15.09.2018

24. Oktober: "... dass gegen Abend ,etwas' geschehen solle."

Lesung mit dem Schauspieler Hanns Zischler

Am Mittwoch (9. November) wurde ein polnischer Staatsangehöriger, Inhaber eines kleinen Ladens, von arischen Bekannten gewarnt, dass am Abend gegen halb elf Uhr 'etwas' geschehen solle. Gegen drei Uhr beschlossen wir, die Wache [vor dem Gemeindehaus] für diese Nacht einzustellen. Um fünf Minuten vor fünf Uhr fuhr ein kleiner Wagen vor, aus dem vier S.S.-Leute sprangen. Es wurde kurz geschellt und an die Tür geklopft. Gleichzeitig wurde bereits begonnen, die Scheiben von außen einzuschlagen. Einige S.S.-Leute kletterten herein und zerschlugen in der Küche das zum Spülen aufgestapelte Geschirr sowie Stühle, Tische und die sonstige Einrichtung.“ (Heinz Nassau, Essen)

Noch im November 1938 emigrierte Heinz Nassau in die Niederlande, wo er diese Erlebnisse vor dem Jewish Central Information Office in Amsterdam zu Protokoll gab.
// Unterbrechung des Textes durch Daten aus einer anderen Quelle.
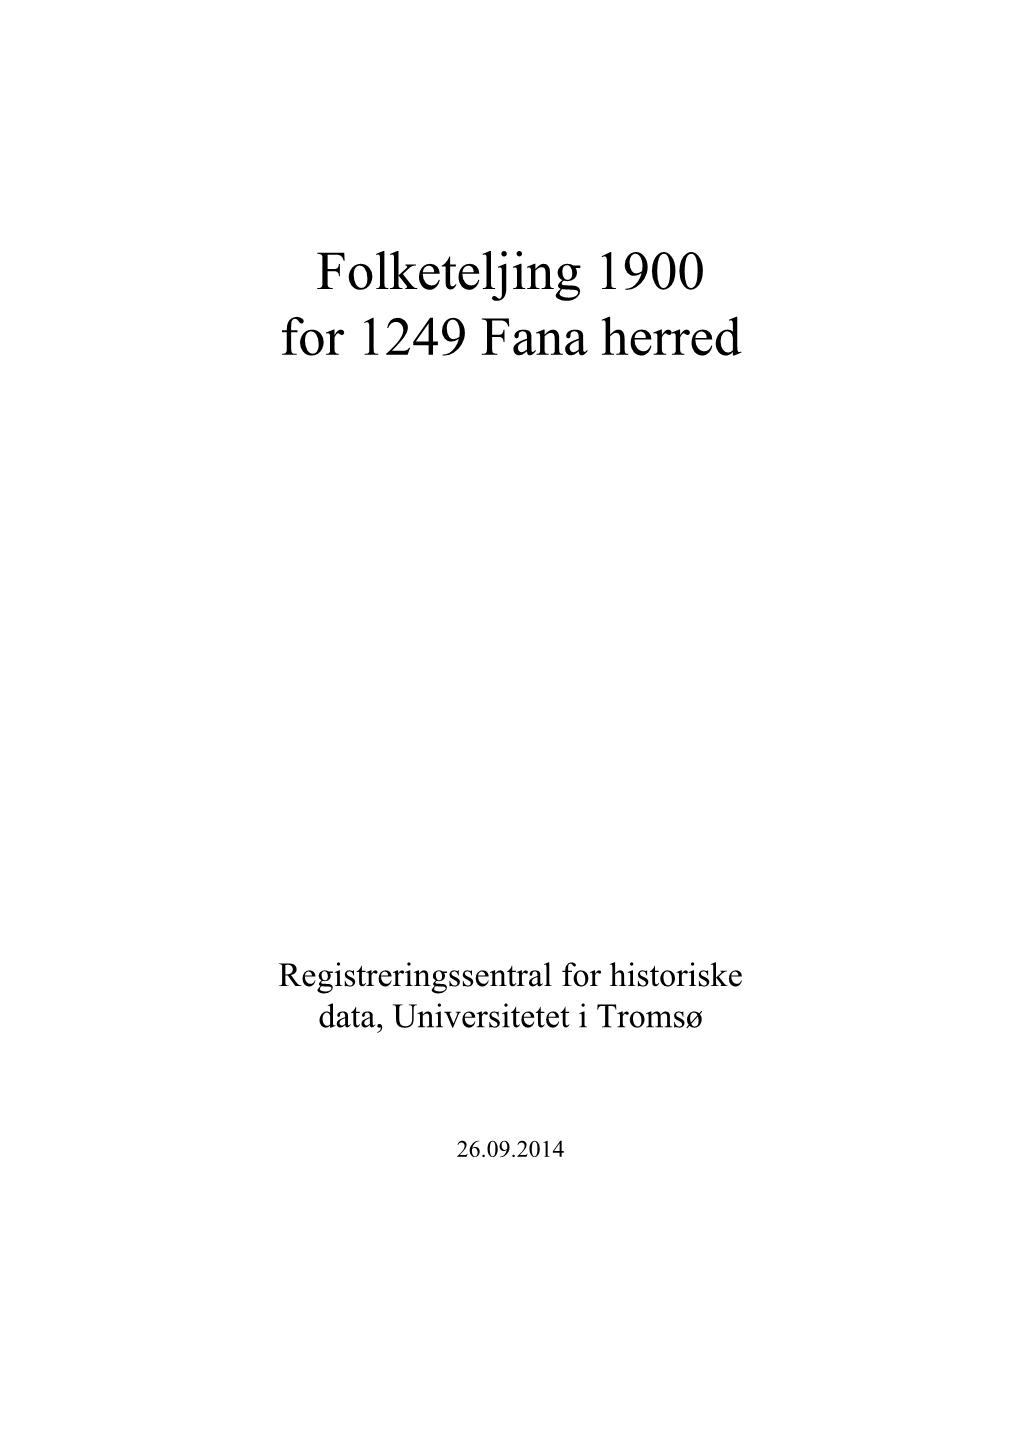 Folketeljing 1900 for 1249 Fana Herred

Bis Kriegsbeginn sammelte das Information Office mehr als 350 Augenzeugenberichte aus dem gesamten Deutschen Reich: Ein einzigartiges und zeitnah entstandenes Panorama der Gewalt gegen die jüdische Bevölkerung.

Der Schauspieler Hanns Zischler liest ausgewählte Texte aus dieser Sammlung sowie aus Erinnerungen an die Terrornacht in Lübeck, ergänzt um Berichte von Zuschauern und Tätern. Die Lesung wird in allen Ausstellungsräumen des Willy-Brandt-Hauses zu hören sein. Sie sind herzlich eingeladen, sich während der Lesung durch die Räume zu bewegen. Es gibt keine festen Sitzplätze.

Nadine Kowol, Musikhochschule Lübeck, danken wir für die musikalische Begleitung auf der Querflöte.

"... dass gegen Abend ,etwas' geschehen solle."
Lesung mit Hanns Zischler
Datum: Mittwoch, 24. Oktober 2018, 20.00 Uhr, Einlass ab 19.30 Uhr
Ort: Willy-Brandt-Haus, Königstraße 21, 23552 Lübeck

Die Veranstaltung ist ausgebucht. Bei Fragen wenden Sie sich bitte an: haus-luebeck@willy-brandt.de

Die Sonderausstellung "Es brennt!" Antijüdischer Terror im November 1938 ist noch bis zum 28. Oktober zu sehen.